In terms of effectiveness, it performed well on the question-answering dataset in the field of sugar science, and the answer accuracy was improved by 25.739% compared with the traditional single-level RAG method.

2. ARM search scheme with alignment mechanism

Also in recent work, the existing large model (LLM)-based question answering system (RAG) lacks understanding of the available data and the organizational structure of the data when decomposing problems, resulting in poor retrieval performance; although the iterative RAG method interacts with the dataset, each step depends on the result of the previous step, which is inefficient and prone to reasoning deviation.

So, we can look at an idea, which is also a recent work "Can we Retrieve Everything All at Once? ARM: An Alignment-Oriented LLM-based Retrieval Method" (https://arxiv.org/pdf/2501.18539). This work proposes an LLM-based alignment-oriented retrieval method ARM to solve the retrieval problem of complex open domain problems.

Specifically, it includes the following steps:

First, tables and paragraphs (as well as data objects of other modalities, such as images) are uniformly regarded as text data objects . Each serialized data object is divided into chunks, the embedding of each chunk is calculated, and the N-gram set is used for representation and indexing.

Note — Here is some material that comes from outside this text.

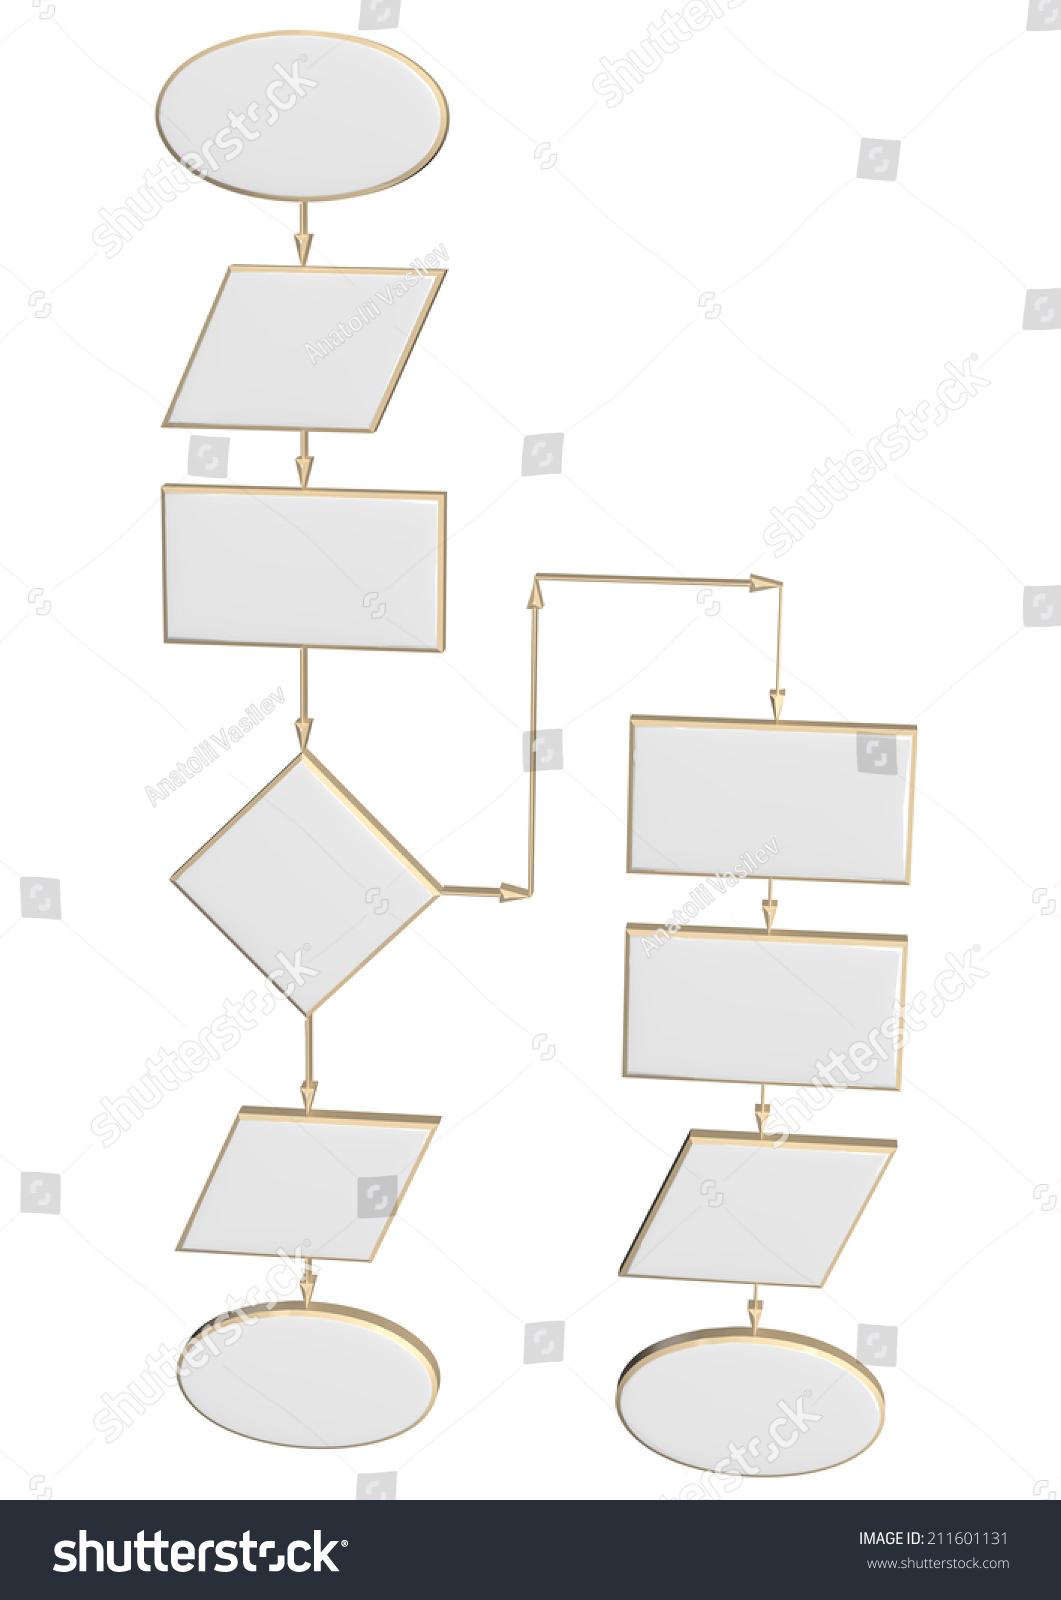 Project flow chart diagram use programming stock illustration project flow chart diagram use for programming nvjuhfo Choice Image

Secondly, guide LLM to generate a reasoning process with multiple intermediate steps . The first step is to independently extract keywords from user questions to determine the key information needed to answer the question. Then, through constraint decoding, these keywords are restated using N-grams in the data object. Constraint decoding starts with decoding a left bracket and ends with decoding a right bracket, indicating that the alignment of a keyword is completed.

Then, information alignment is performed , and the result of each N-gram decoding is used as a query to search for relevant text blocks in the dataset using the BM25 algorithm. The embedding similarity between the user question and each serialized object is then calculated and combined with the BM25 score to form the final ranking score. Finally, the most relevant objects are selected based on the ranking score to form a basic search object set, which serves as the basis for LLM to continue generating the "inference process" .

Next, structural alignment is performed to reason about a complete set of search objects and their organization in order to match the required information and fully answer the question. The structural alignment problem is formulated as a mixed integer programming (MIP) problem, where the goal is to select k objects from a given list of search objects to maximize the relevance between the question and the selected objects and the compatibility between the selected objects. When specifically executed here,

Finally, each draft generated by the MIP solver is serialized into a string and injected into the decoding process of the LLM through constraint decoding . Each draft contains the selected objects and their connection relationships, and then the LLM performs self-verification during the decoding process to check whether the selected objects cover different aspects of the problem and are correctly connected. Use constraint decoding to ensure factuality. For each draft, beam search is used to generate multiple inference processes, and the weight and number of votes for each object are weighed by model confidence (such as the average of logits) . Ultimately, the confidence of an object is the weighted sum of its weighted votes and the normalized value of the votes. Finally, the final set of data objects is selected as the answer based on the confidence . Objects with high confidence are more likely to be selected, thereby ensuring the quality and accuracy of the final answer.

Let's take a specific example:

However, as also described in this work, while it performs well in most cases , in some extreme cases the model may forget the information generated in previous iterations or get stuck in a loop of searching for similar keywords even if relevant objects have been retrieved.

Summarize

This paper mainly introduces two works on RAG, one is the RAG scheme that introduces multi-level chunk granularity, and the other is the alignment-guided retrieval method ARM based on LLM, which is used to solve the retrieval problem of complex open domain problems. The core of both is the process design.